Lady Tatton patted her arm. “I’m trying to tell you we shall find you a good, staid husband nonetheless,” she said. “Indeed, now I think on it, perhaps we oughtn’t wait until spring.”
“Oh,” said Esmée softly. “No, I don’t think—”
“Nonsense!” interjected Lady Tatton. “The sooner the better, before the gossip about Sorcha’s situation leaks out.”
Esmée pursed her lips a moment. “No, I am not at all sure I shall marry, Aunt Rowena.”
“Not marry? But what of that generous dowry dear Papa left you?”
Esmée was beginning to wish Cousin Anne had had a few more children to occupy Lady Tatton. “I’m to have it anyway when I turn thirty, am I not?” she said. “I shan’t need a husband then. Perhaps I shall become a bluestocking and retire to the country with a pack of hounds and a dozen cats.”
Lady Tatton seized her hand and kissed it. “I can see I mustn’t rush you!” she cried. “So we are agreed, then. We shall have quiet entertainments from now until spring—dinner parties and small, informal gatherings. You’ll have a lovely time, I promise you. In no time at all, you’ll have forgotten about this dreadful entanglement with Sir Alasdair MacLachlan. And if you should see him in town, my dear, you must at all cost turn your head and refuse to acknowledge him.”
“Why, I cannot do that,” she said. “He is Sorcha’s father.”
Lady Tatton pursed her lips again. “But he is not the sort of gentleman an unattached female
knows,
dear girl.”
Esmée stiffened. “I cannot be cut off from Sorcha,” she insisted. “Indeed, I won’t be. Really, Aunt, that is too cruel.”
Lady Tatton considered it but a moment. “Very well,” she said. “The child has a nurse, I daresay? Perhaps she can bring her to visit in the mornings. Sir Alasdair, I collect, doesn’t rise—perhaps doesn’t even
return
—until well past noon, so it isn’t as if he’d miss her. Trust me to think of something, Esmée. I would not for the world wish you or Sorcha unhappy.”

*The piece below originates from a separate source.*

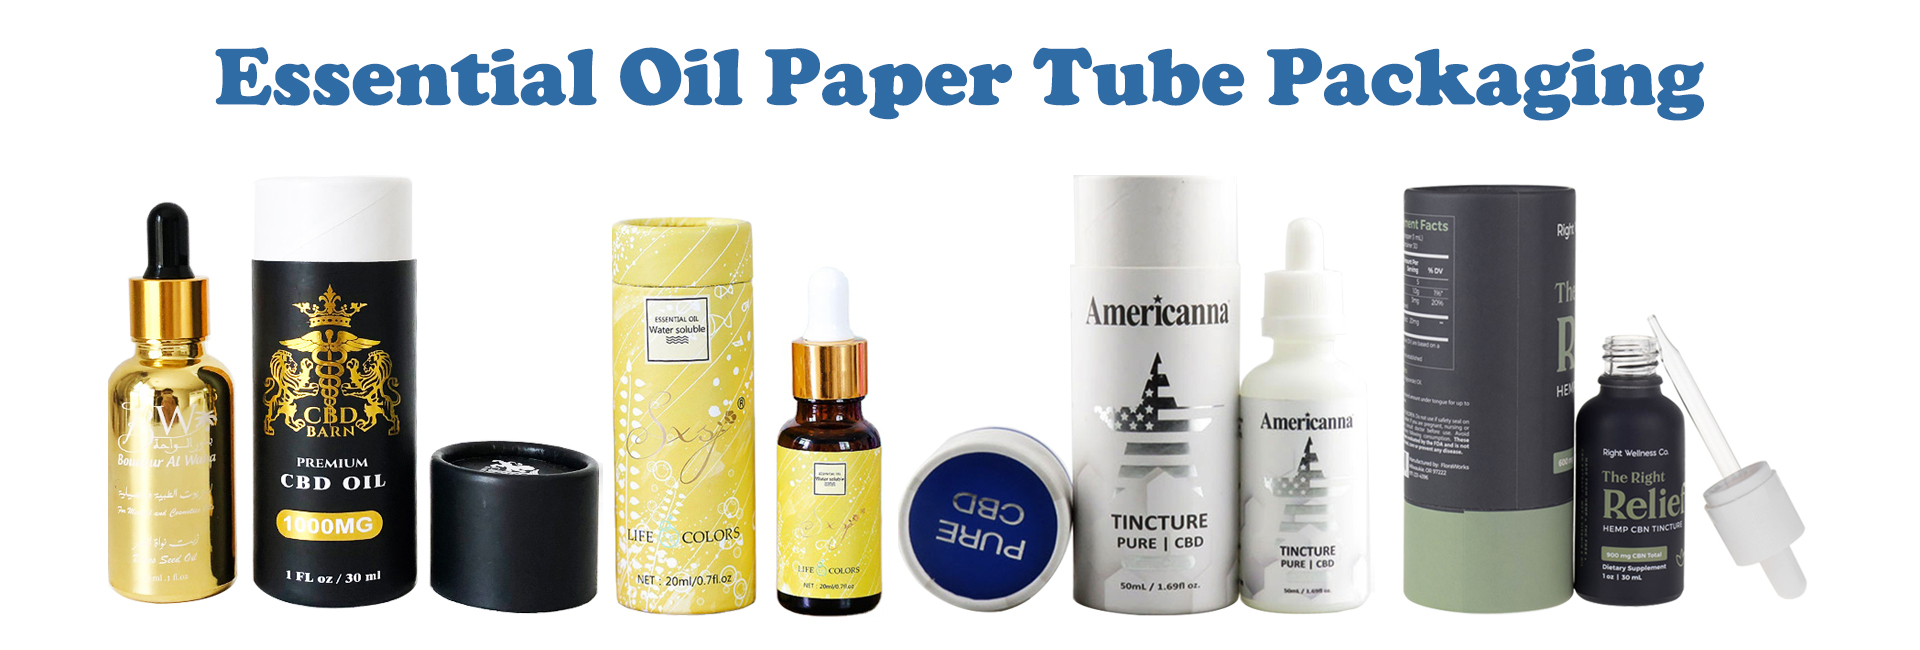 Essential Oil Paper Tube Packaging 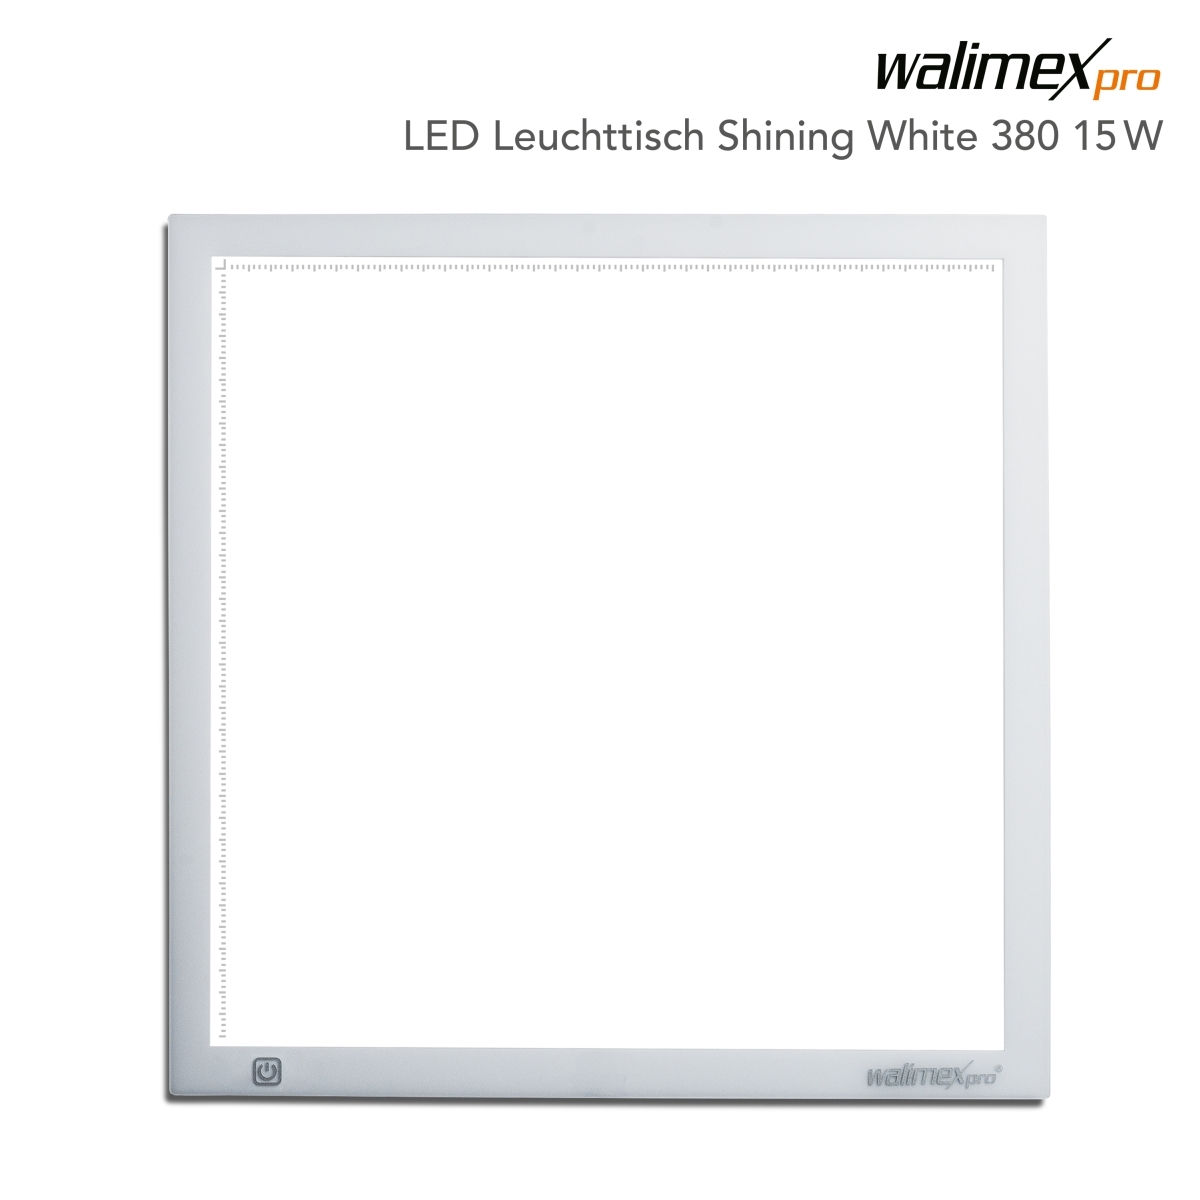 Walimex pro LED Leuchttisch Shining White 380 15W

They concluded their bittersweet reunion with Lady Tatton going up to meet Sorcha, whom she declared a charming child. After clucking and cooing at the girl’s wound, and vowing it would be her unalloyed delight to take the child in as her own, Lady Tatton finally rose and kissed her nieces’ cheeks. She did not wish to leave Esmée behind, but finally bowed to Esmée’s wishes in that regard and promised to return for her in the late afternoon.
Lydia showed her ladyship out.
Esmée sat down, and began to cry.
Unaware that his matutinal habits were being impugned by none other than that high stickler of the
haut monde,
Lady Tatton, Sir Alasdair MacLachlan walked briskly up his front steps but a scant three hours after going down them, feeling much more in charity with the world. His spirits had been buoyed by two vastly dissimilar circumstances. He had just passed Hawes, his second footman, out on an errand, and learned of Sorcha’s demands for breakfast.
As to the second, he carried in his coat pocket two small jeweler’s boxes, the contents of which he’d spent the morning choosing, and if the indulgences had left his purse several thousand pounds lighter, so be it. In the full light of morning, it seemed a small price to pay.
Wellings greeted him at the door.
“I hear we’ve good news upstairs,” said Alasdair, cheerfully passing his hat and stick.
But Wellings looked instead as if someone had died.
“What?” cried Alasdair. “Good God, man! Is it the child? What?”
“We’ve trouble afoot, sir,” he said gloomily. “There is a lady come to—”
“You!” cried a sharp voice from the foot of his stairs. “Sir Alasdair MacLachlan!”
Alasdair turned at once to see Lydia escorting a well-dressed lady. “Good God!” he said again. “Lady Tatton? Ma’am, is that you?”
Her ladyship bore down on him like a seventy-four-gun man-o’-war. “You may well ask!” she declared. “And now that you’ve done so, I wish a moment of your time.”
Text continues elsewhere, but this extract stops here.